I spin on my heel to face him. “What? Who?”

He doesn’t move a muscle. “Uncle Al’s fiancee. You can’t take your eyes off her. Staring at her like a lion spotting his prey in the bush. I know you better than you know yourself. You flew in to the Coast because you’re haunted by some unfinished business there. You’re a smart man, so whatever you came back for you’d have figured it in a weekend and flown back to London the first chance you got, if that’s what you wanted to do.” His eyes focus on me. “But it’s not. You saw her, and you decided to stay.” He rakes a hand through his hair, still staring ahead. “You just don’t know it yet.”

Shaking my head in disbelief, I take a few steps back toward the car. “You’re insane, my brother. I don’t give a flying fuck about what Uncle Al does, or who he marries.” Heat prickles under my collar. I clear my throat and add, “As if I’d give up my life in London for a piece of pussy.”

“Uh-huh.”

“I mean it.”

Gravel crunches under his feet as he turns around to join me. He claps his hand on my back and leans into my ear, even though we’re the only two people around. “Wanna know how I know? Because you can’t stand someone else having something you want. Even if it’s family. You know as well as I do, you’ll go back to London, to your fancy penthouse apartment overlooking Hyde Park, and you’ll lie in your posh-ass bed staring at the ceiling, and you’ll be thinking about Aurora. Thinking about Uncle Al fucking her.” His lips graze my ear. “Thinking about what would have happened if you’d stayed nine years ago and taken over as Capo like you were meant to.” Raking my tongue over my teeth, I close my eyes and brace myself. Because I know what he’s going to say. “She’d be begging you not to chop down the forest, not your uncle.”

With a hard shove, I push him away from me. “Is that what you’ve been doing these days?” I snarl. “Training to become a fucking counselor?” A satisfied smirk crosses his face. “Anyway, I left Dip for a reason. I’m not coming back, especially not to steal Uncle Al’s chick.”

He pauses, glances at Rafe, then lowers his voice an octave. “I know what you did.”

My hands curl into fists. “I don’t know what you’re talking about.”

“You do. I know what you did, and I know why you left Devil’s Dip all those years ago.” He takes a step toward me, pinning me with a glare all too similar to my own. “You committed a sin bigger than any of those fuckers that call the hotline.”

Blood thumps in my temples. Rage blisters the lining of my gut. How the fuck does he know what I did? 
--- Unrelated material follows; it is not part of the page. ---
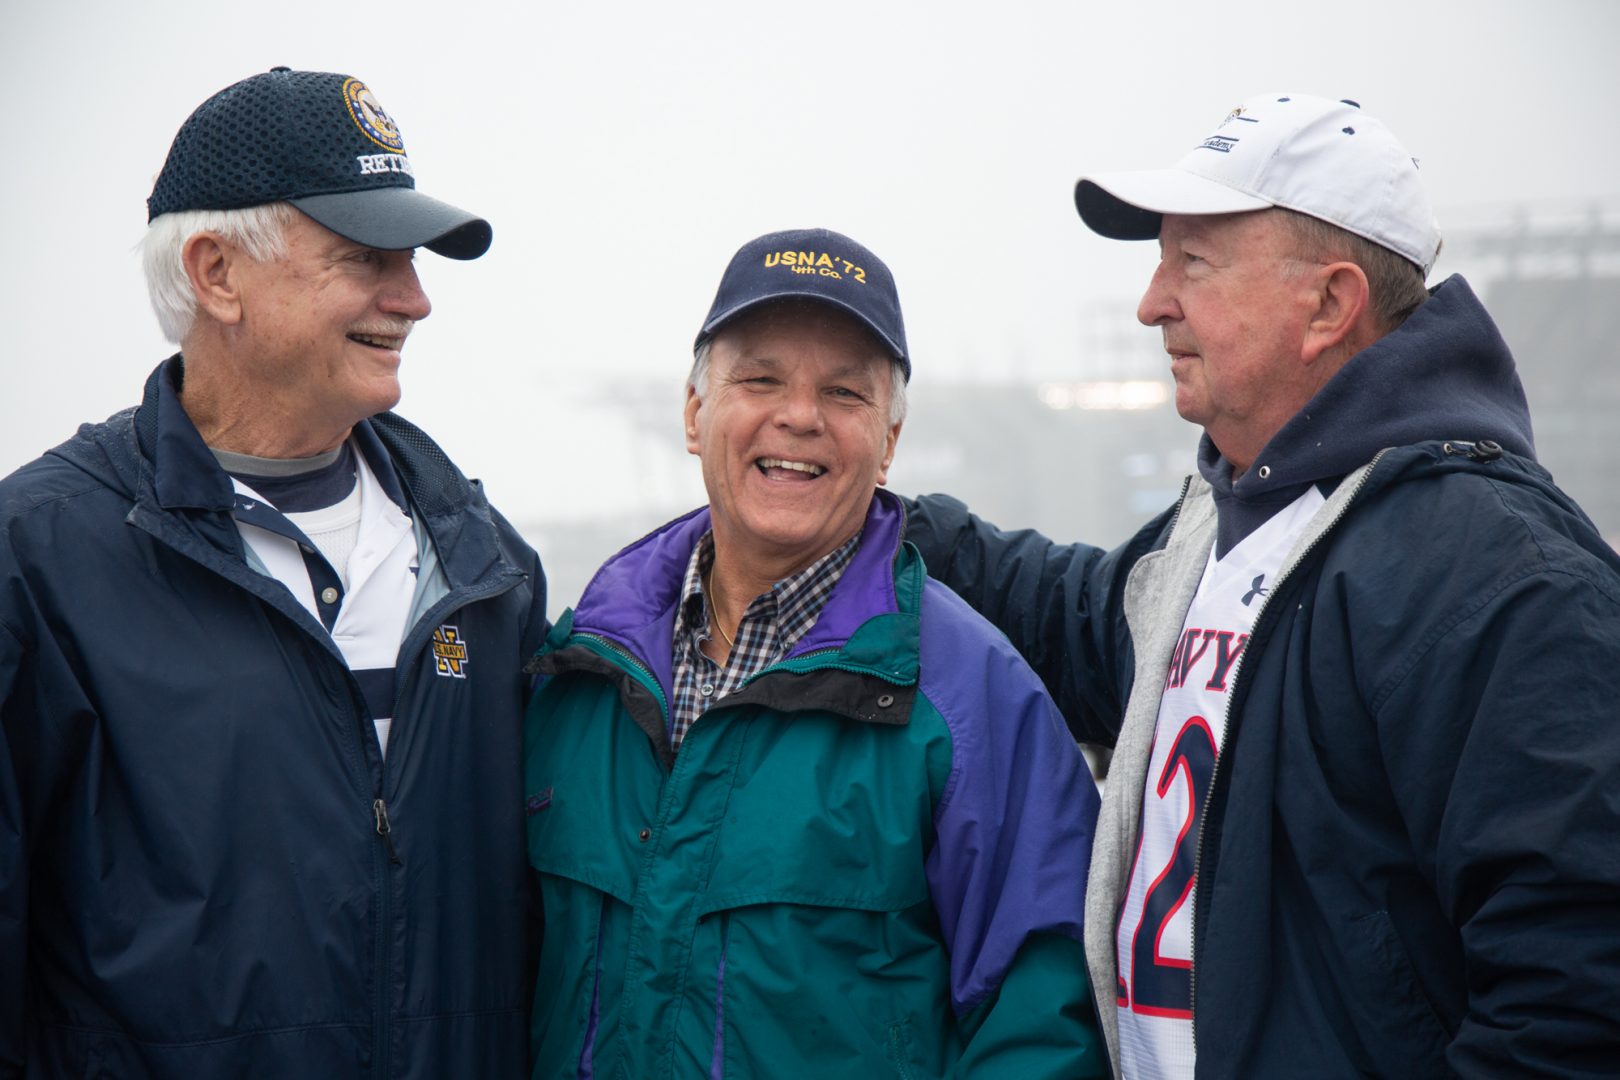 Don Carlson, Jerry Stahl, and Mike Brennan (left to right) graduated from the Naval academy in 1972. They've been coming to the annual Army-Navy game together since they were cadets. Today they traveled from Maryland, South Carolina, and Washington DC to watch the game together in Philadelphia, Pa on December 14th 2019.

Fuck. If I stand here for another second, I’m going to crack my brother in the jaw, so I turn to storm back toward the car.

But Gabe’s hand shoots out against my chest, stopping me. “Thank you,” he rasps.

Confused, I look up to meet his eyes. There’s something soft in them. It looks out of place under his perma-scowl and above his bruised socket. “If you hadn’t done it, I would have done it myself.” He swallows. Looks away. “But for different reasons,” he mutters darkly.

I feel like I’ve been stung. Putting both my hands on his head, I lower my forehead to his. “What the fuck happened to you, bro?” I hiss. “What did he do to you?”

He pushes me away, his gaze hardening, morphing back to his signature stare. “When you realize you’re moving back, let me know.” His jaw ticks. “Because when you steal Uncle Alberto’s girl, I promise you, you’re going to need a fucking army.”